**RECORDED INFORMATION**
* * * *
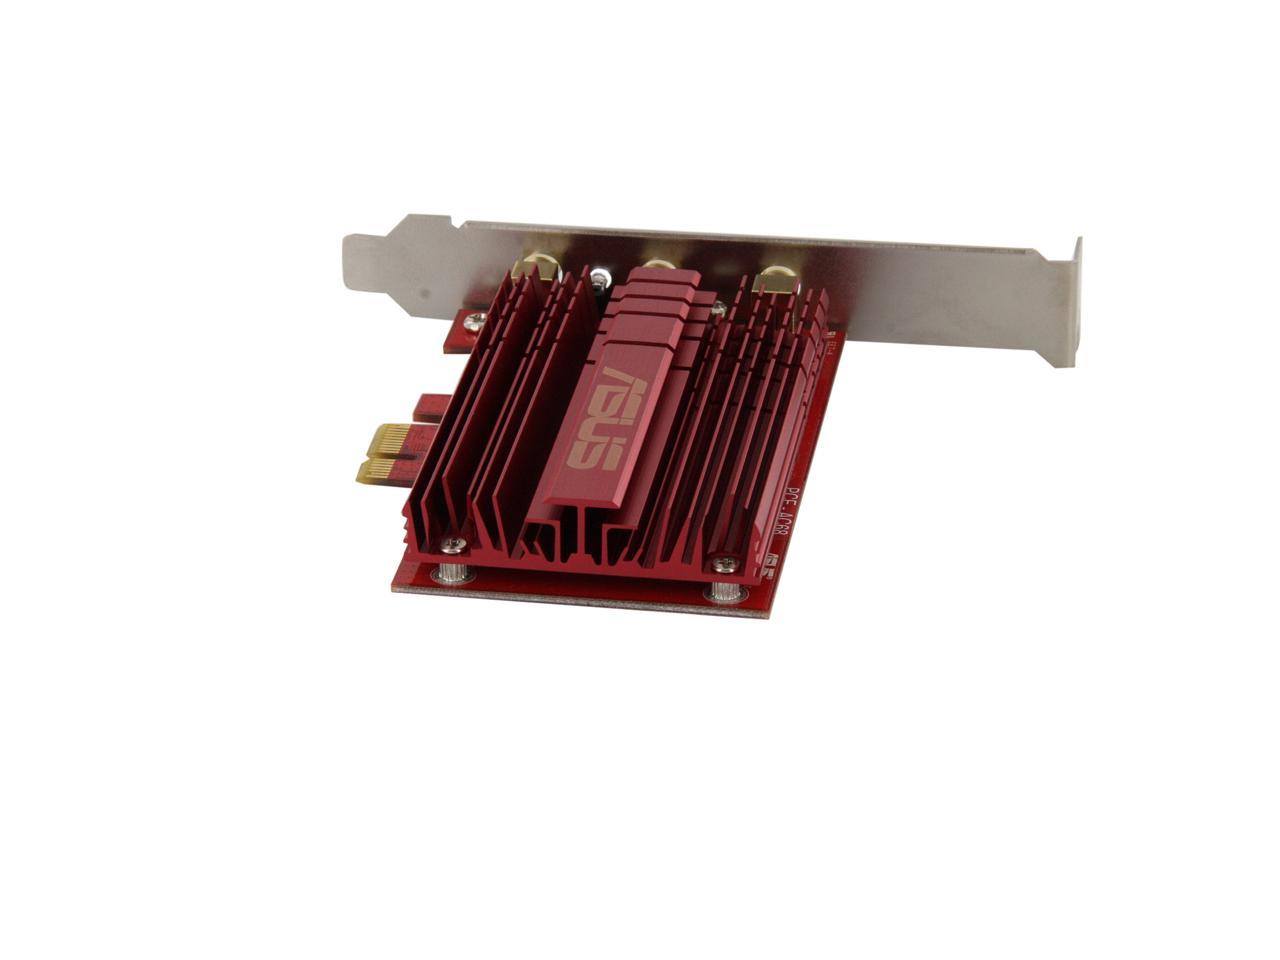 asus pce ac68 adapter
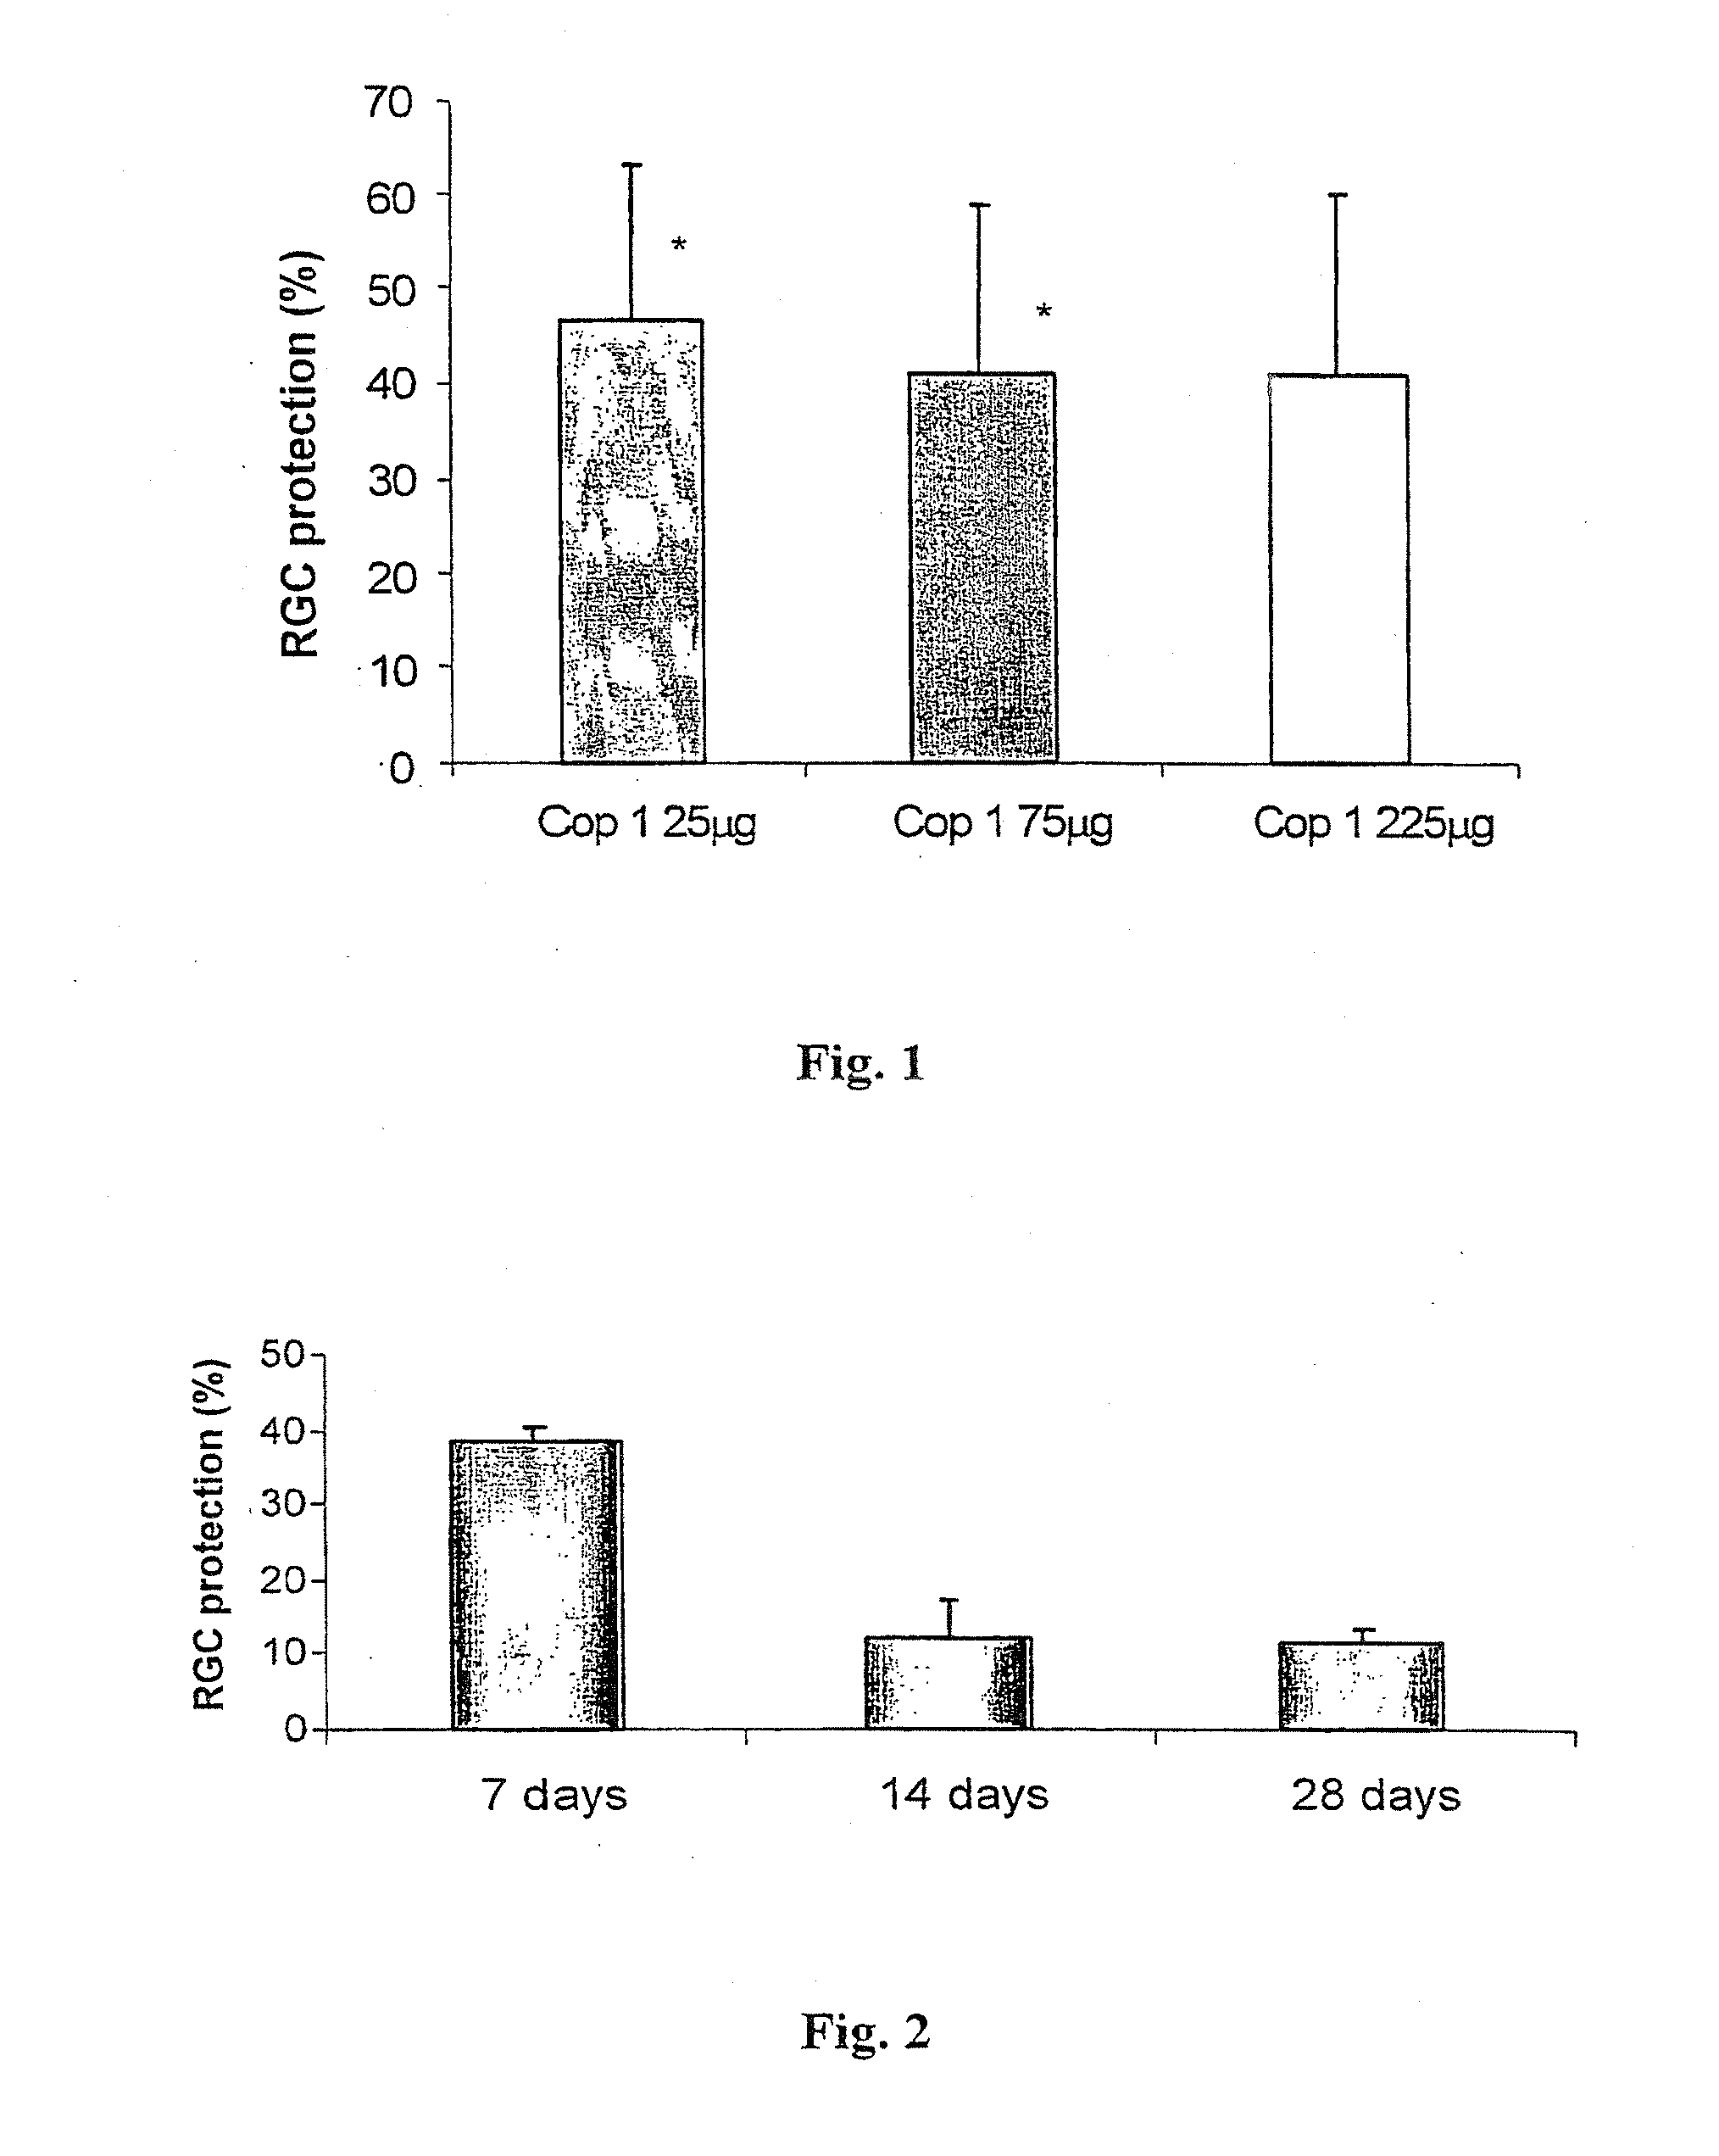 Vaccine and method for treatment of neurodegenerative diseases
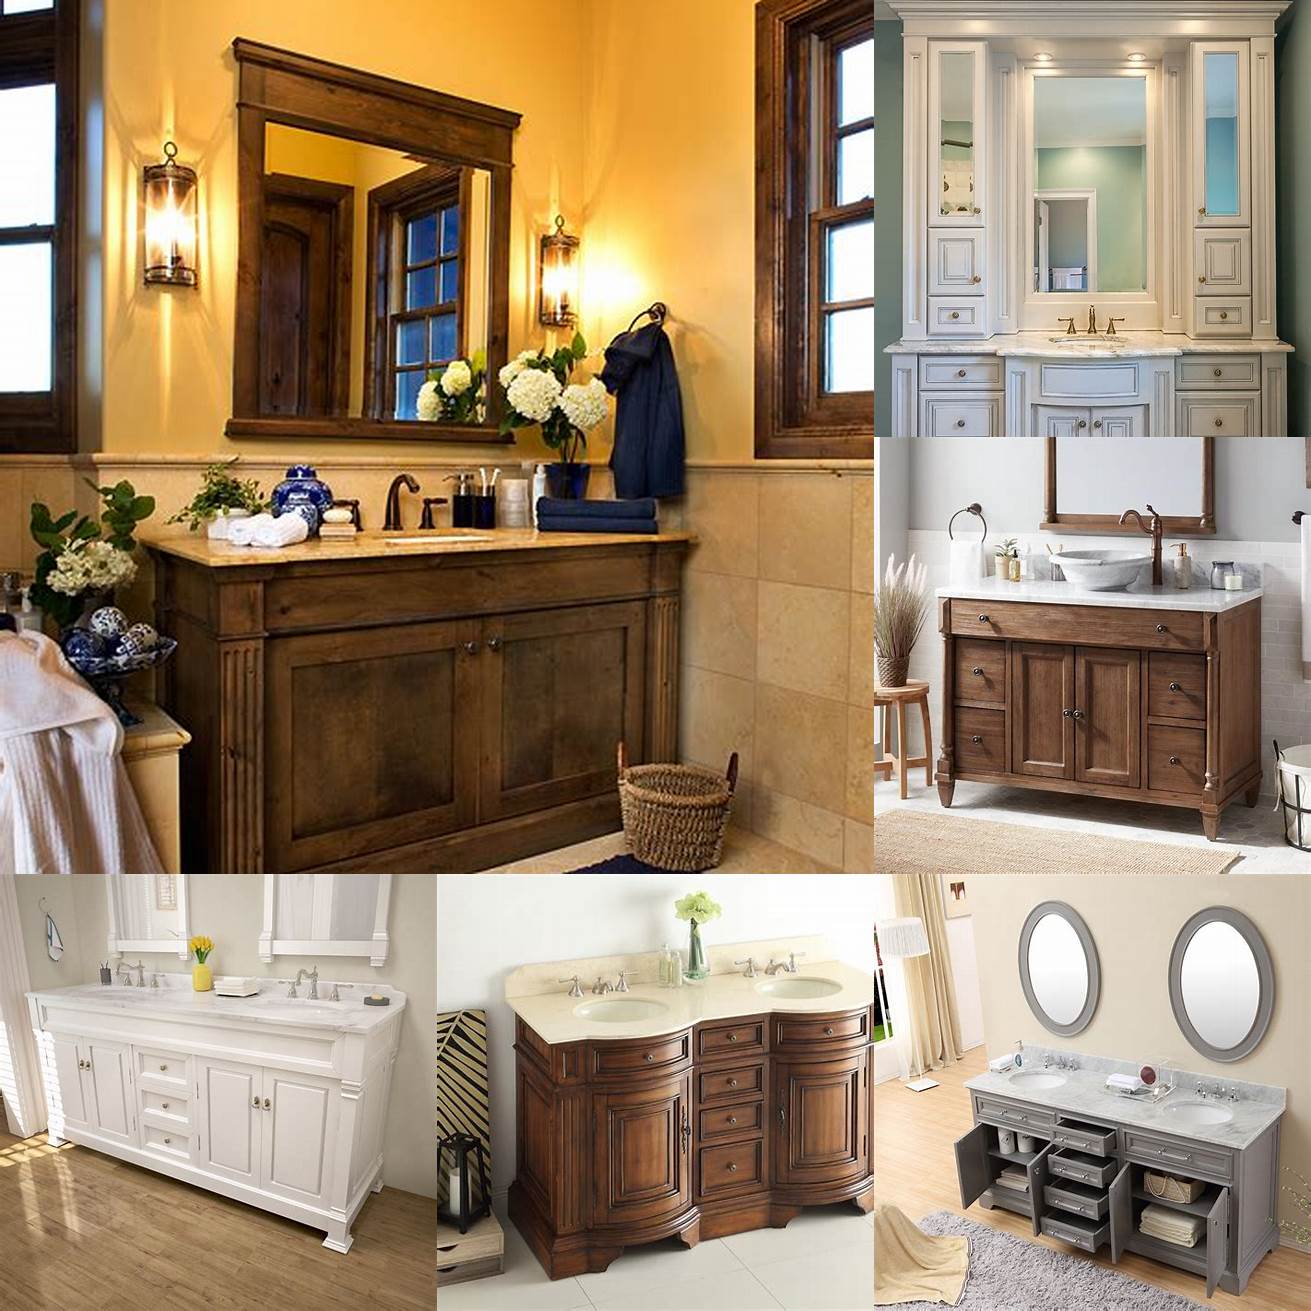 It is more expensive than traditional bathroom vanities
* * * *
**ASSIGNED TASK**
Omit the pictures, and quote the material above exactly as given.

**OUTPUT OF THE EXERCISE**
 asus pce ac68 adapter
 Vaccine and method for treatment of neurodegenerative diseases
 It is more expensive than traditional bathroom vanities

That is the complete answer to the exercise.